Description
Soft, fluffy pink velvet cupcakes with a delicate vanilla flavor and smooth buttercream frosting, perfect for celebrations and special occasions.
Ingredients
- For The Pink Velvet Cupcakes
- 1 1/4 cups all-purpose flour
- 1 tablespoon cornstarch
- 1 tablespoon unsweetened cocoa powder
- 1/2 teaspoon baking soda
- 1/4 teaspoon fine salt
- 1/2 cup unsalted butter, softened
- 3/4 cup granulated sugar
- 1 large egg, at room temperature
- 1 teaspoon vanilla extract
- 1/2 cup buttermilk, at room temperature
- 1 teaspoon white vinegar
- 1 to 2 teaspoons pink food coloring, gel preferred
- For The Vanilla Buttercream Frosting
- 3/4 cup unsalted butter, softened
- 2 1/2 to 3 cups powdered sugar, sifted
- 1 teaspoon vanilla extract
- 2 to 3 tablespoons heavy cream or milk
- 1 pinch fine salt
Instructions
1. Preheat your oven to 350°F (175°C) and line a 12-cup muffin pan with cupcake liners.

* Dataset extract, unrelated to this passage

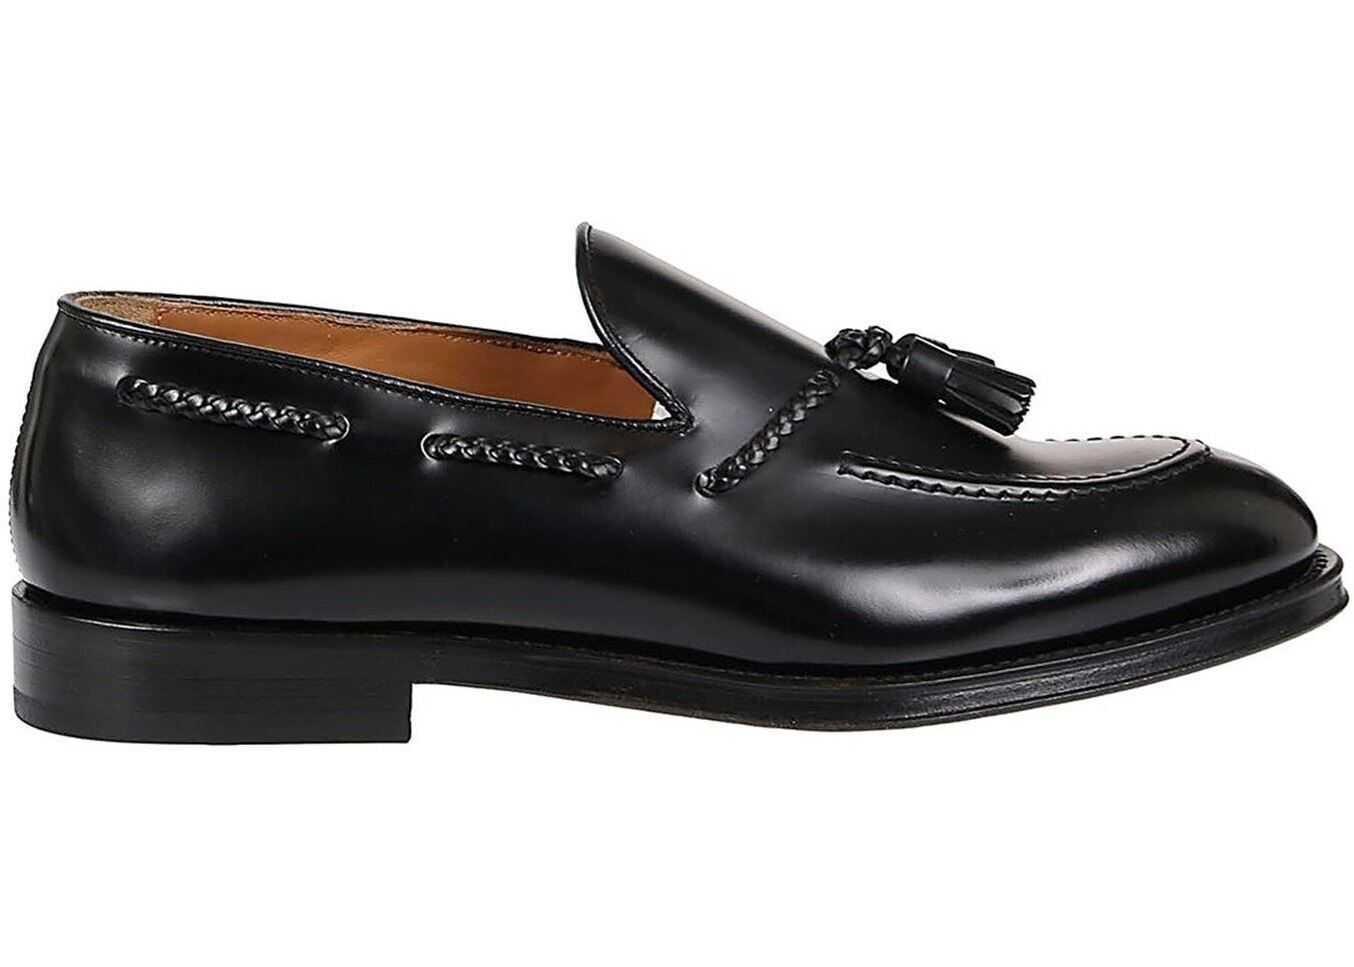 Doucal's Loafers With Tassels In Black DU1020ORVIUY007NN0 Black imagine b-mall.ro

Set aside.
2. In a medium bowl, whisk together the flour, cornstarch, cocoa powder, baking soda, and salt until evenly combined.
3. In a large mixing bowl, beat the softened butter and granulated sugar together until light and fluffy, about 2 to 3 minutes. Scrape down the sides as needed.
4. Add the egg and mix until fully blended, then stir in the vanilla extract.
5. In a small bowl, combine the buttermilk, vinegar, and pink food coloring. Mix well so the color is evenly distributed.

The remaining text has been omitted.